#### What you will do
Please output the listing that follows exactly, but keep all images out.

#### Dataset section
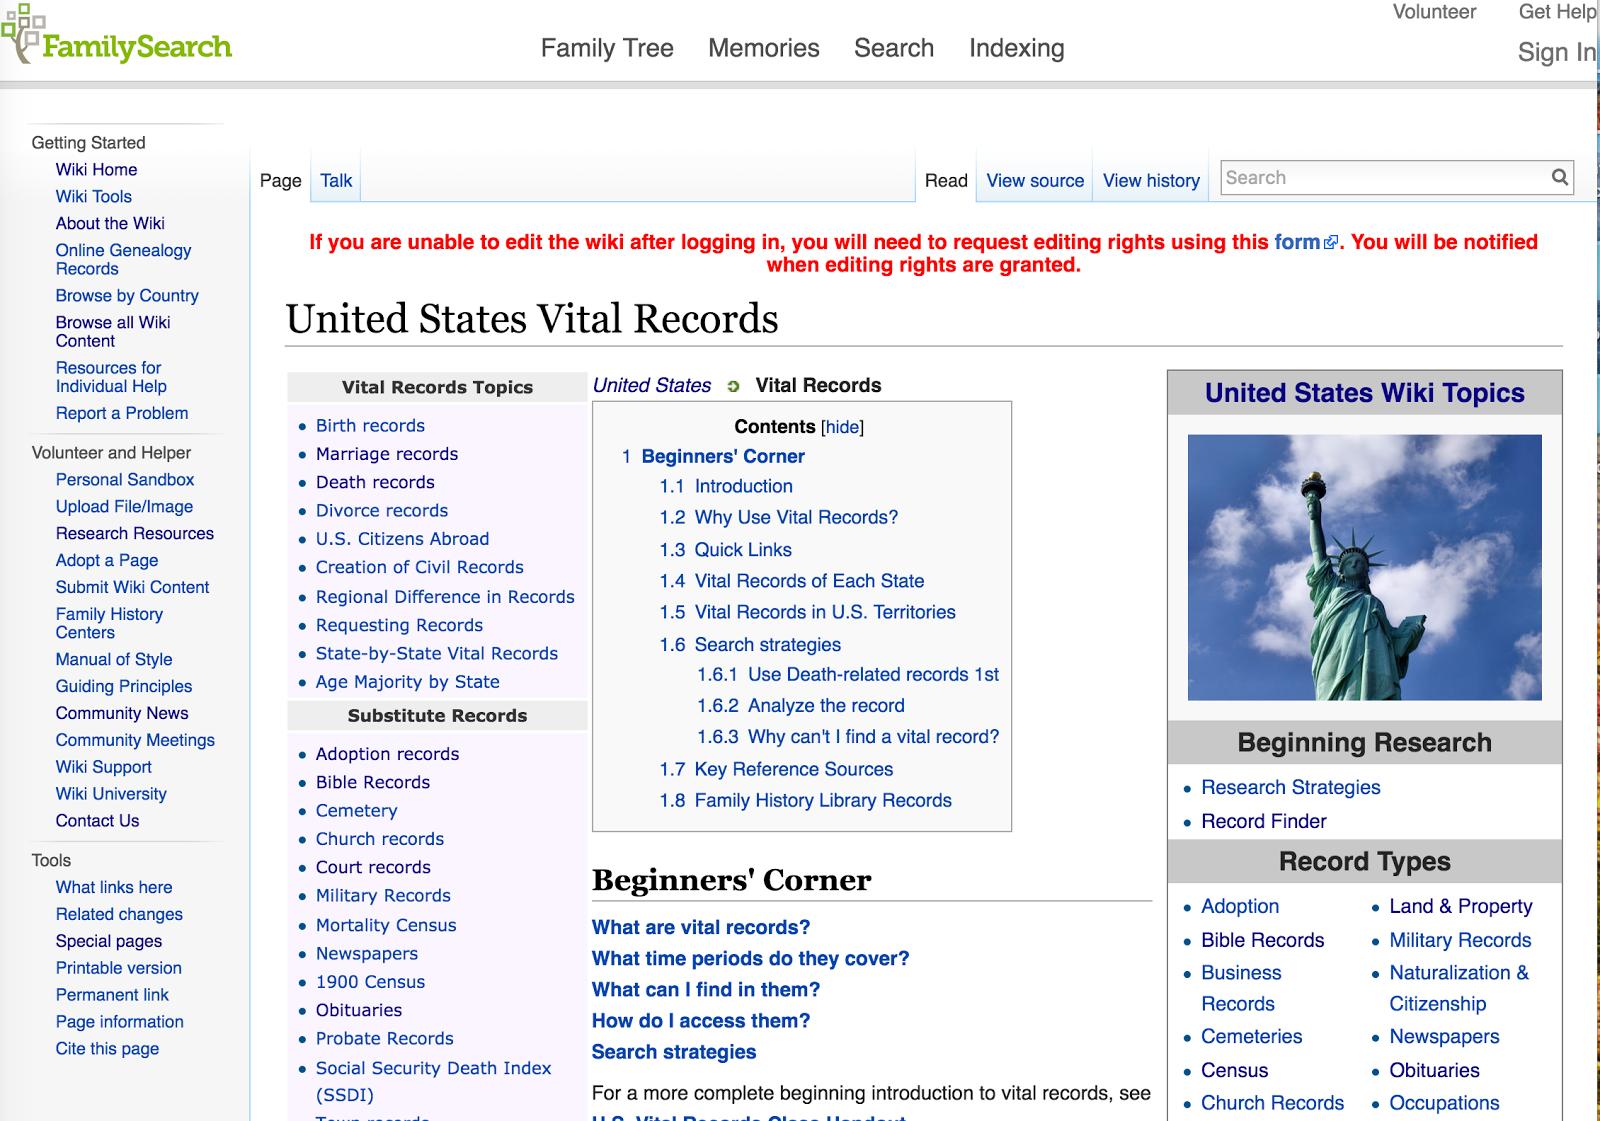 California Vital Records Genealogy - FamilySearch Wiki
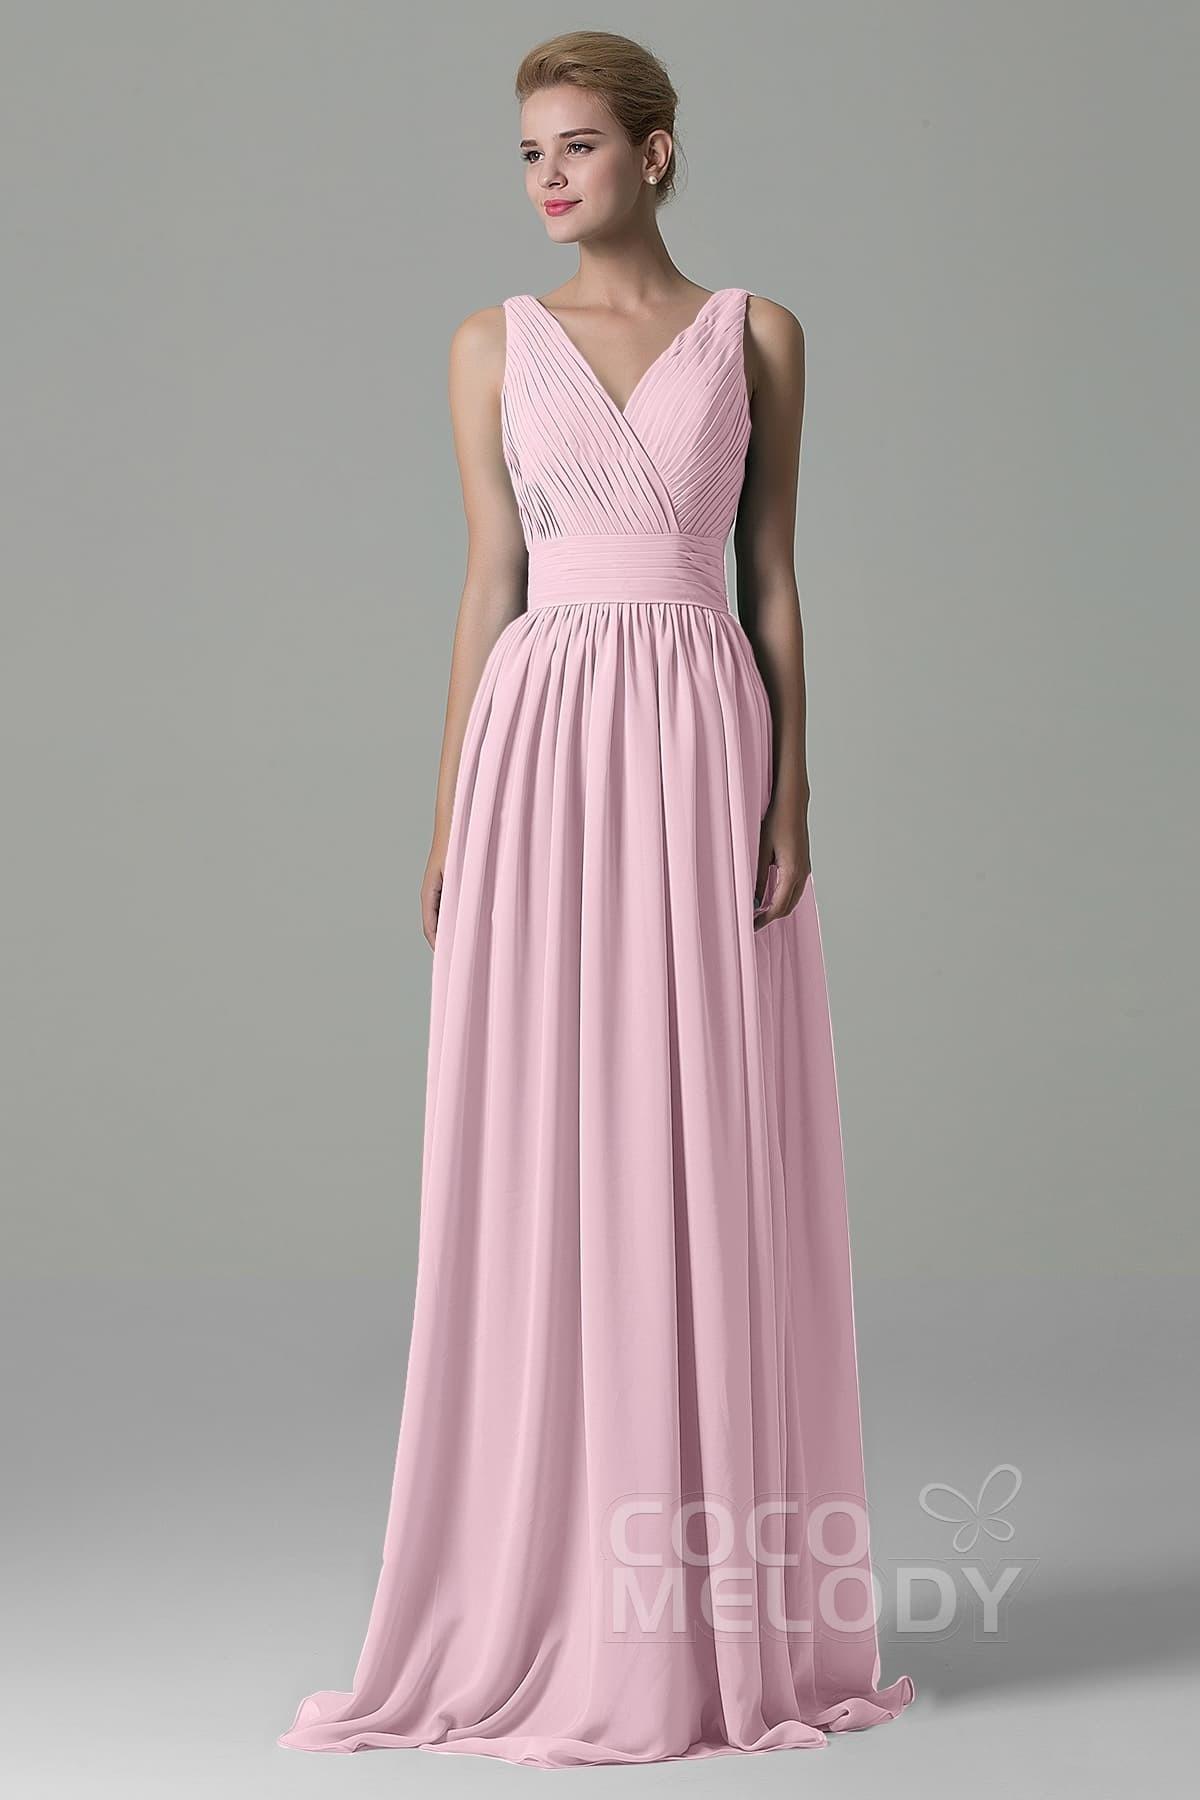 2938b448d1c Unique Sheath-Column V-Neck Natural Floor Length Chiffon Sleeveless Open  Back Bridesmaid Dress
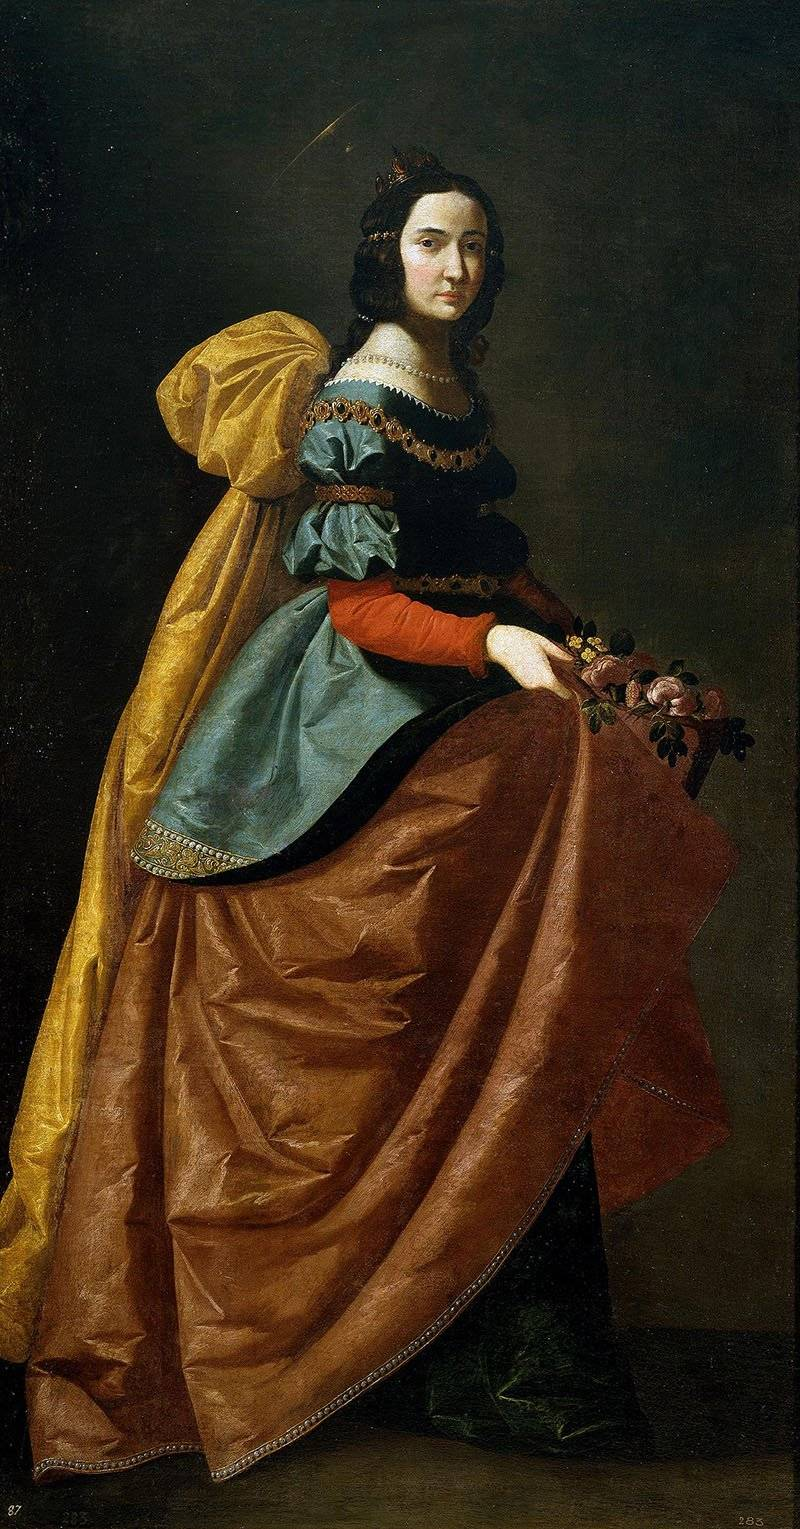 Francisco de Zurbarán Santa Isabel de Portugal. צילום: ויקיפדיה

#### Exercise response
 California Vital Records Genealogy - FamilySearch Wiki
 2938b448d1c Unique Sheath-Column V-Neck Natural Floor Length Chiffon Sleeveless Open  Back Bridesmaid Dress
 Francisco de Zurbarán Santa Isabel de Portugal. צילום: ויקיפדיה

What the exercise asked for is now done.